Worry about your health. Why are you shaming and judging thin women? Why are you evaluating orher women’s butt or breast size. Stop.
Anonymous wrote:I'm overweight. I'm not THRILLED about it and sometimes wish I was smaller, but like another PP on this thread, I'm not willing to make the extreme diet and lifestyle changes that would be required for me to lose the 25 pounds I could stand to lose quickly.
I've been carrying those 25 pounds around for about 5 years. Before that, I was up at 5am to go to the gym, eating salads I hated every day for lunch, never getting dessert and doing a variety of other things to maintain my size that were not fun or affirming. I was also married to someone who was a major fat-shamer, such that if I gained a couple pounds on vacation, he'd make concern troll comments about it ("It'll be nice to be home from vacation so you can get back into your routine" or "I'm just worried about your health" when his 5'7" wife weighed 145 pounds instead of 140 pounds).
When we got divorced, I stopped the 5am gym torture and the salads and ordered cake if I felt like eating cake. I gained like 10 pounds. TBH, I loved my body because I did not feel like I was being judged all. the. time. A couple years later when I met my now-DH, I got to experience what it was like to be married to a person who truly appreciated my body rather than just seeing things that should be corrected.

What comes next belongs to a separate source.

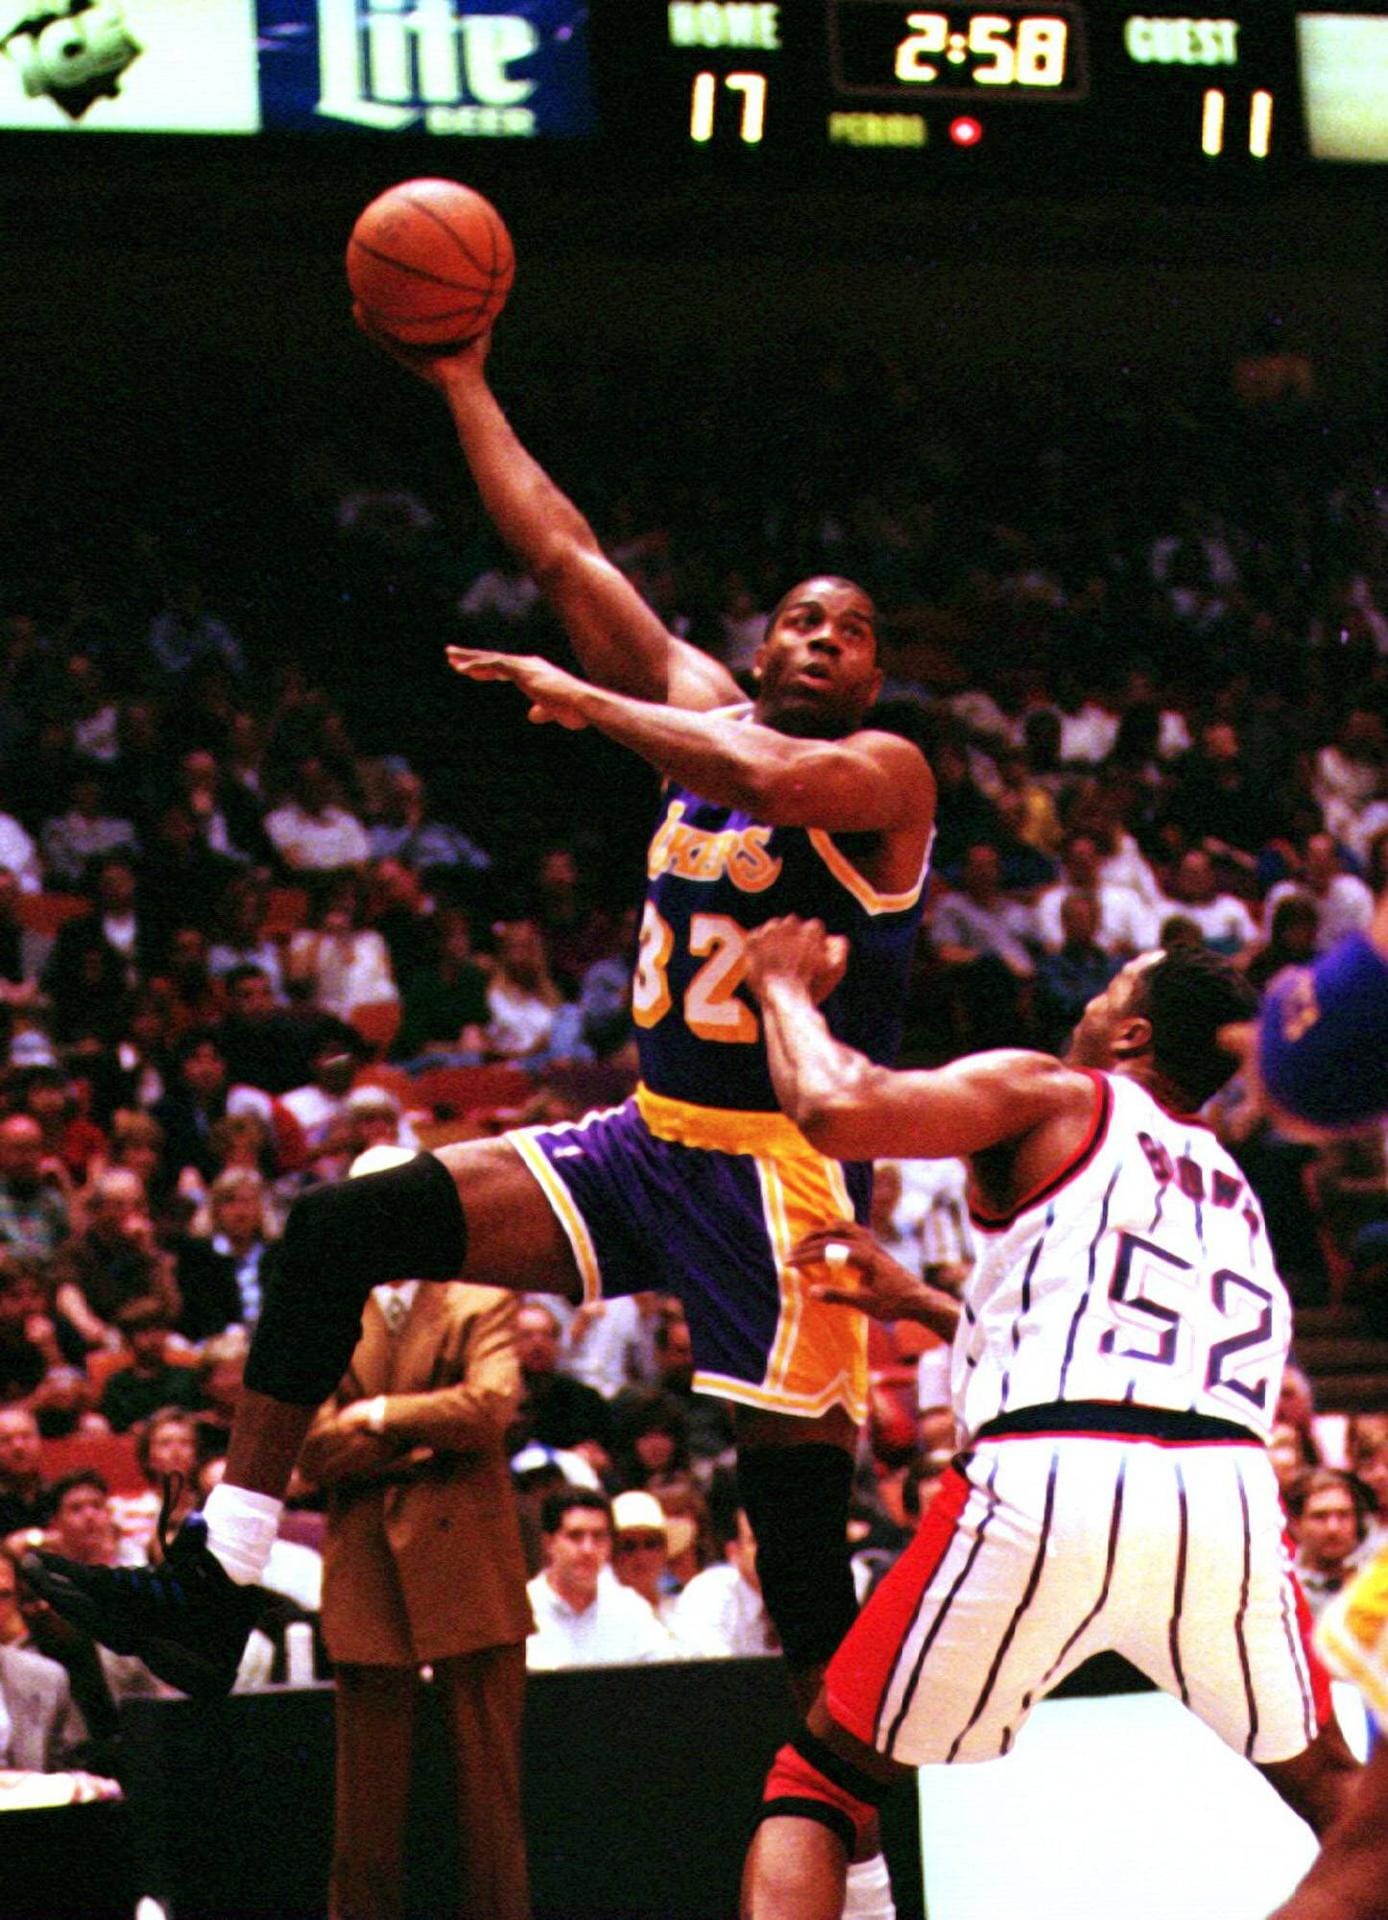 Earvin "Magic" Johnson (1979 - 1991, 1996) dominierte mit dem "Showtime Express" der Lakers in den 1980ern die NBA. Johnson konnte alle Positionen spielen, war aber besonders als Assist-Geber magisch. Seine Rivalität mit dem Boston-Celtics-Spieler Larry Bird begeisterte. "Magic" musste seine Karriere frühzeitig beenden, weil er an HIV erkrankte. Seine wichtigsten Erfolge: fünfmal NBA-Champion, dreimal MVP, Gold mit dem Dreamteam bei den Olympischen Spielen 1992.
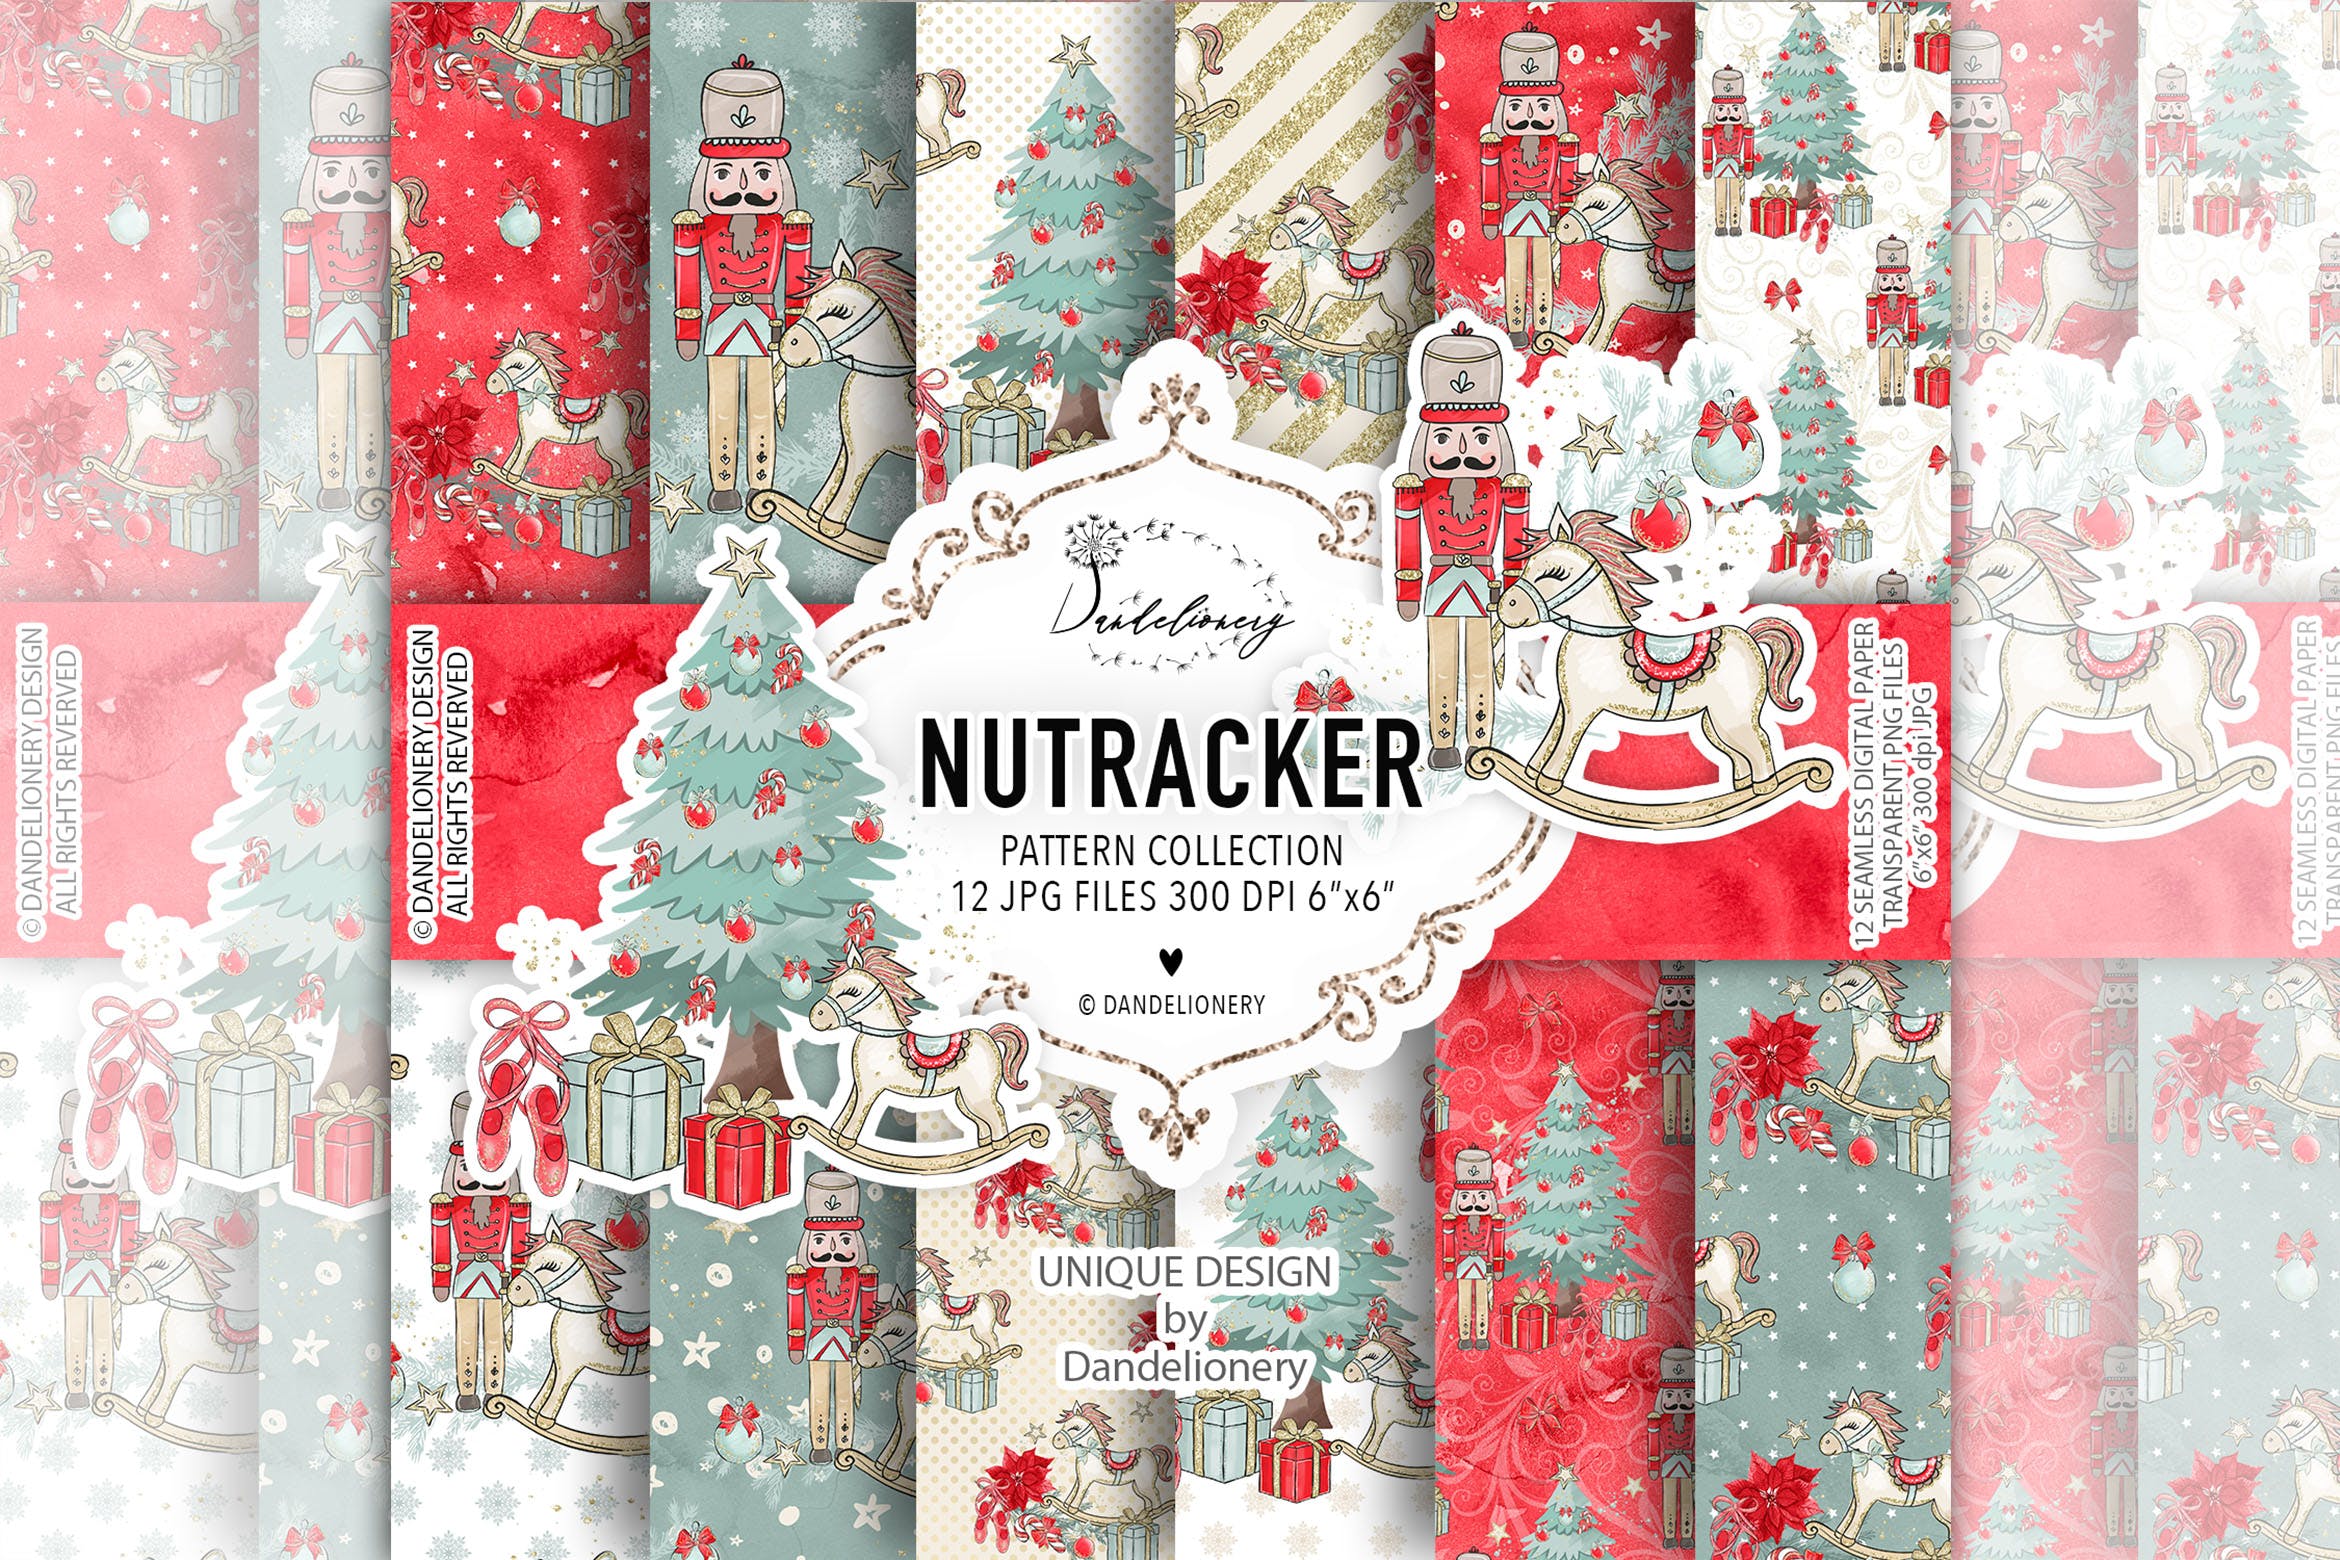 圣诞节主题胡桃夹子水彩手绘数码纸张图案背景素材 Christmas Nutcracker digital paper pack插图

I'd love to lose the 25 pounds, but I'm in a place where I know that happiness and love are not dependent on me killing myself on the treadmill every morning at dawn or eating things I hate.
Anonymous wrote:Anonymous wrote:Perhaps because ignorant people comment negatively and nastily on fat people's bodies and weight all. of. the. time.
My nephew’s wife is part of that movement. She is 27 years old and has just had serious back surgery because if the stress on her body. The surgeon told her to lose 120 pounds and she went nuts.
Anonymous wrote:Do women with special needs kids really love their children?
Do people with bad marriages really think they're 'stronger' for it?
Anonymous wrote:I'd need to lose 20 lbs to reach a "normal" BMI. Years ago, I lost 40 lbs and kept it off 5 years, so I know I can do it -- but, for me and my genetics, it was just all I did. My hobby was exercise and meal prep.
Then I had a kid. So now I do other things with my time, and I'm fat. I don't hate my body. I have low blood pressure, I'm active, and my body can do all the things I need it to do. I buy clothes that fit, I go to the pool. The only reason for me to lose weight is to look like people think I should look. I wish I did look that way, but I don't want it more than I want to enjoy my life and family.